Gonda, Caroline. 2015. “Writing Lesbian Desires in the Long Eighteenth Century” in The Cambridge Companion to Lesbian Literature, edited by Jodie Medd. Cambridge University Press, Cambridge. ISBN 978-1-107-66343-5

Gonda, Caroline. Writing Lesbian Desires in the Long Eighteenth Century.

Female same-sex desire appears in a wide variety of genres in the “long 18th century” from private letters and journals, to professional literature, to novels, to satire, to porn, to poetry. And reference to lesbianism served a number of purposes that are not always obvious to the modern reader. The most visibly sexual representation tends to be hostile, while positive depictions tend to idealize “chaste female friendship”.

That polarization can obscure the relationship of literary representation to real women’s everyday lives. In a gender segregated society with very different concepts of privacy, opportunities for erotic encounters were many, and could easily go unremarked. Hostility tended to arise when women’s activity is challenged male privilege and expectations.

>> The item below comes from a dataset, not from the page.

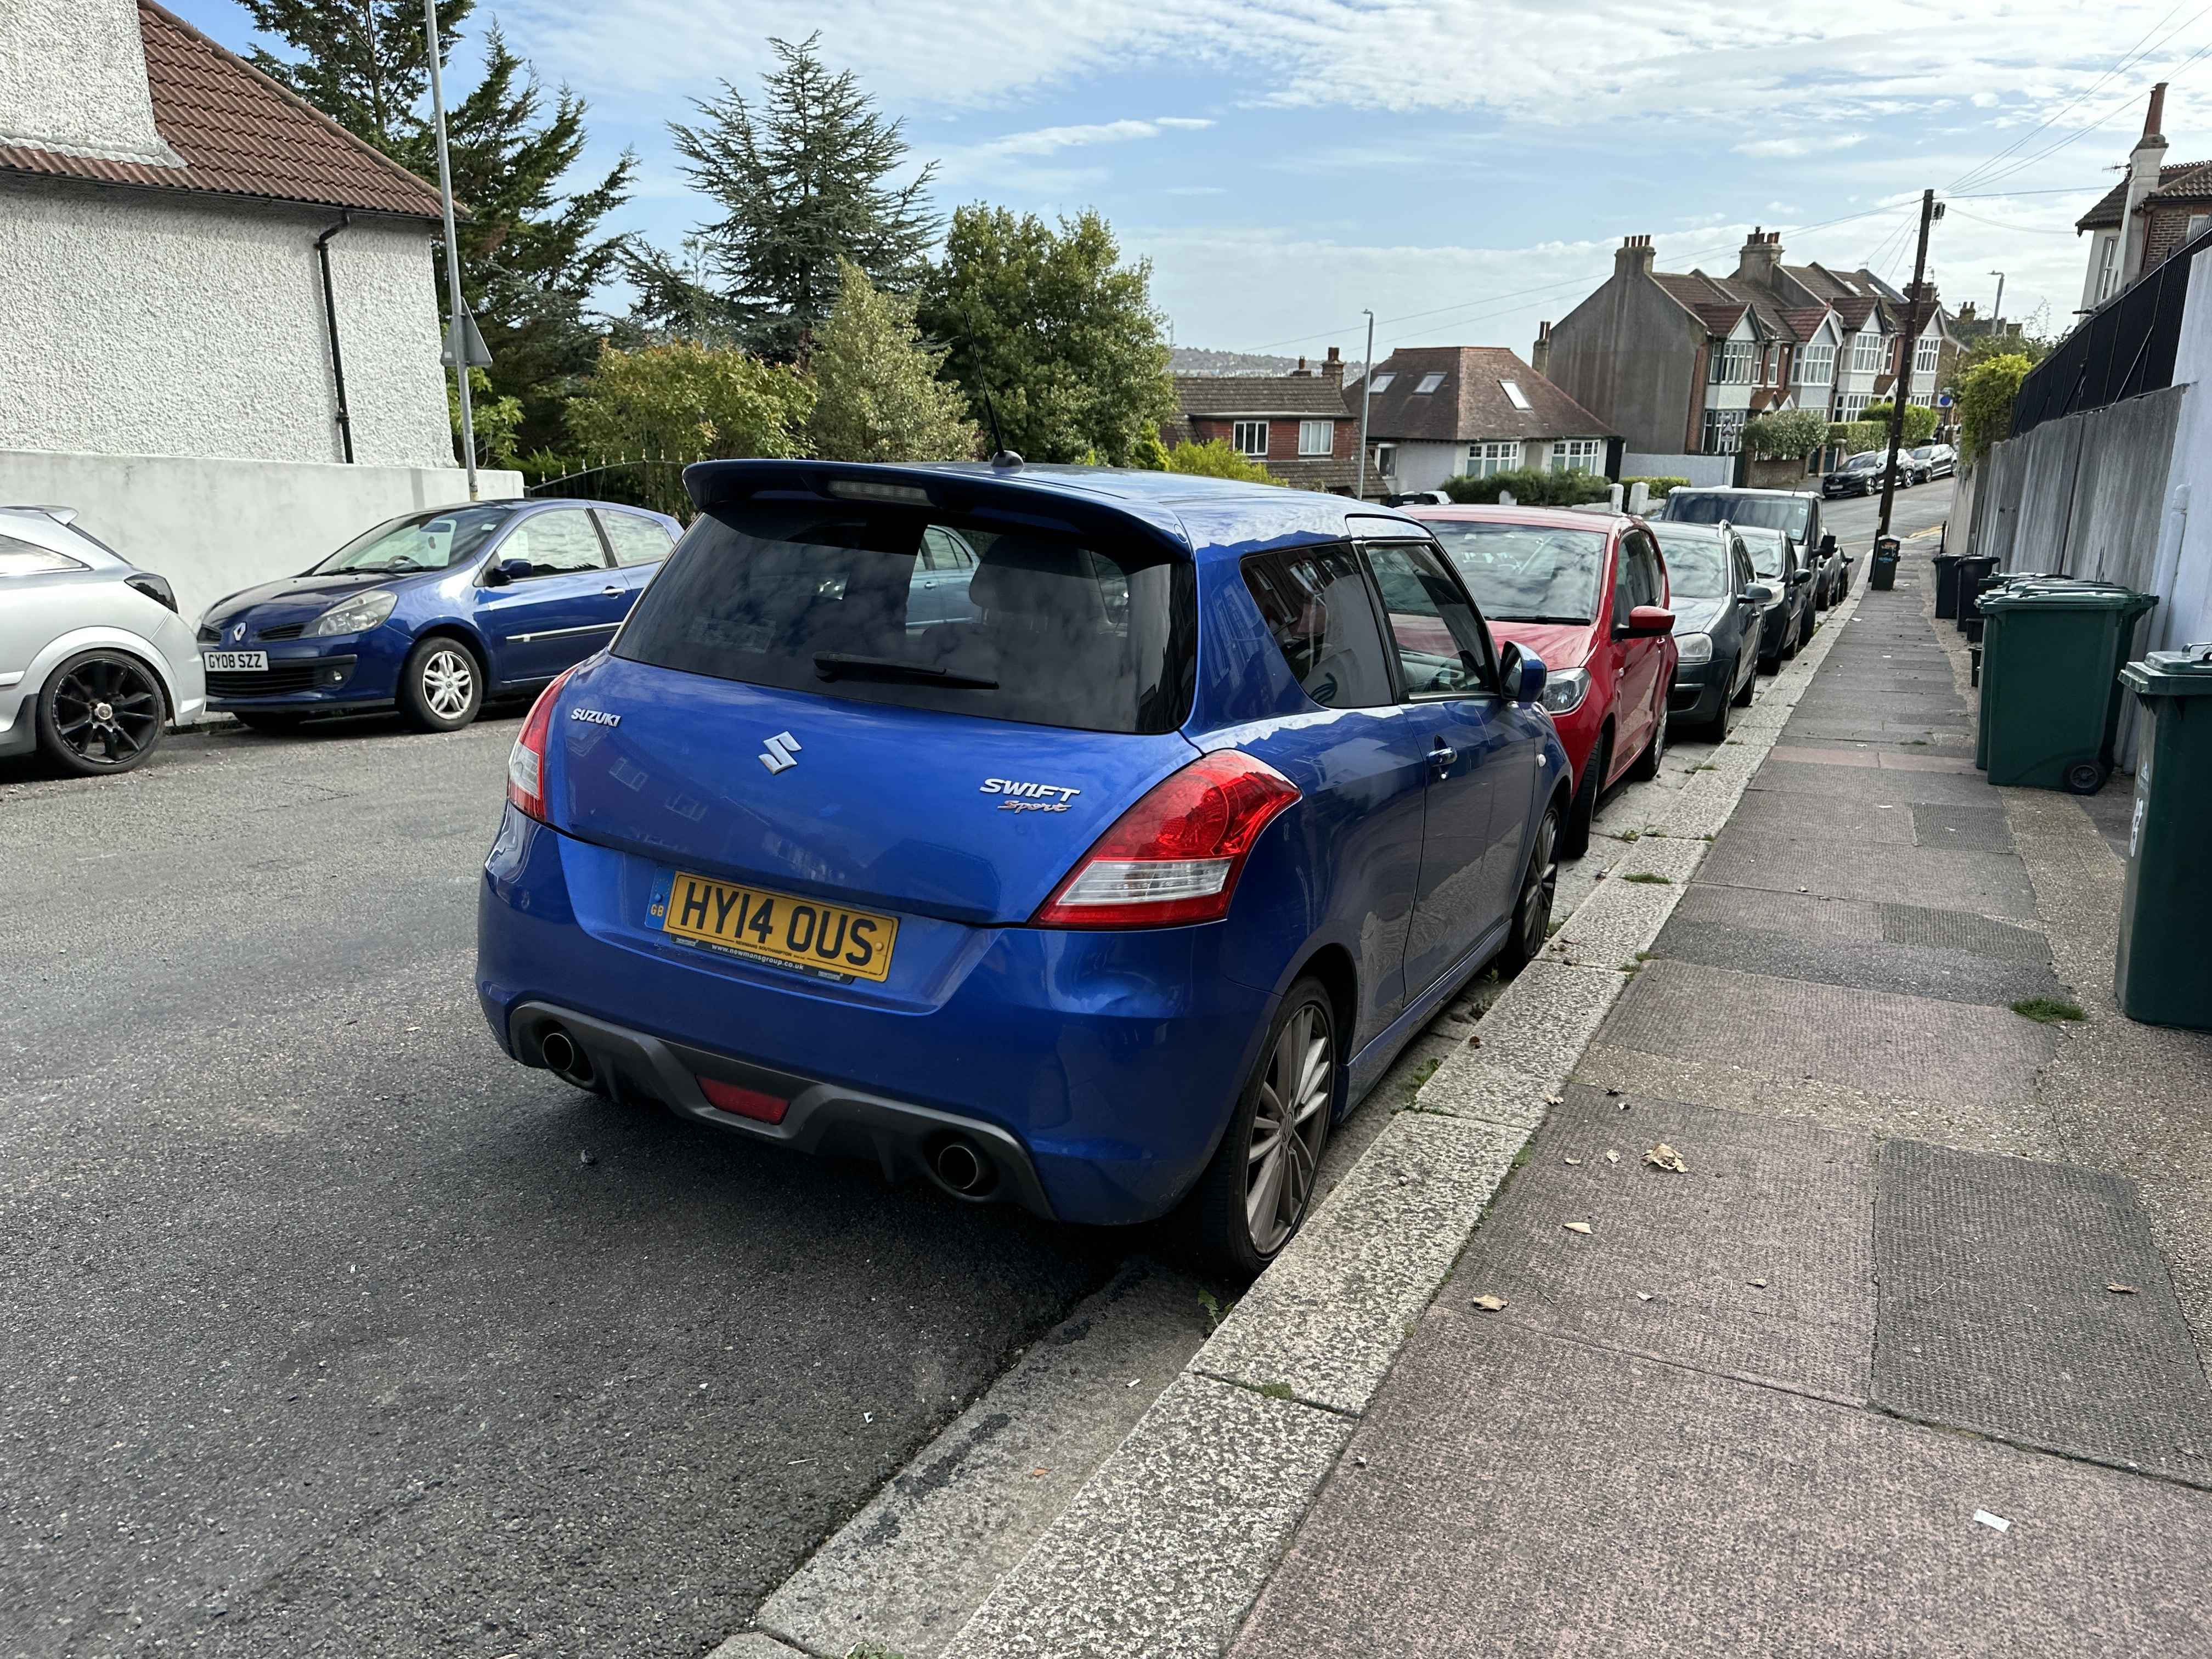 Photograph of HY14 OUS - a Blue Suzuki Swift parked in Hollingdean by a non-resident. The third of four photographs supplied by the residents of Hollingdean.

In contrast, official models of female-female desire tended to be associated with an unnatural state: whether physical, such as the “enlarged clitoris” theory, still prevalent early in the century, or behavioral, such as the increasing image of lesbians as “masculine”, later in the century.

Toward the end of the century, shifts in the acceptability of gender play in masquerades and theatricals parallel an increasing “gender panic” about appropriate roles and behavior. (Some see this crisis gradually developing from as early as the late 17th century.)

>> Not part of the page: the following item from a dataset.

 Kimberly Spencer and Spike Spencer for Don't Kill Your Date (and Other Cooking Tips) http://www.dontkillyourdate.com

Across the 18th century the discourse around female homoeroticism moved from viewing it as having no significance to being significant enough to be threatening. The figure of the “female husband” appears regularly at the intersection of those views. Writing about these symbolic representations of female-female desire and gender transgression sometimes tells us more about the concept of lesbianism in the 18th-century than trying to find real-life lesbians. Real women had a reason to obscure their desires, while public discourse focused overtly on the meaning and consequences of those desires.

The figure of Sappho as a lesbian icon comes to the fore. Language evoking Sappho establishes itself in the general vocabulary of female-female desire, most commonly as “sapphist”, “sapphic”, “sapphism” but also in ambiguous uses of “lesbian” in reference to the poet and her loves.

Public and private discussion of specific women’s sapphic desires took up a full range of presentations from the celebrated “friendship” of Ponsonby and Butler to the whispered accusations against Anne Damer, to the autobiographical records of Anne Lister.

One common theme seen in these commentaries is an attempt to force female couples into a “butch-femme” mould even when the couple themselves emphasized their similarities. However we also see couples that do embrace a gender polarity, as in the writings of Lister.

Outside of overtly satirical or hostile literature, treatments of female homoeroticism in literature are often oblique or coded. This coding may be hostile, as in the depiction of “masculine” women in novels such as Belinda, or may act to blur or conceal erotic elements in favor of sentimental attachment, as in Millenium Hall.

The chapter catalogs a number of iconic and lesser known works with homoerotic themes, and again makes a good shopping list for interested readers.

(Note: I have not added tags for specific literary works or authors as the article is more of a catalog than an analysis.)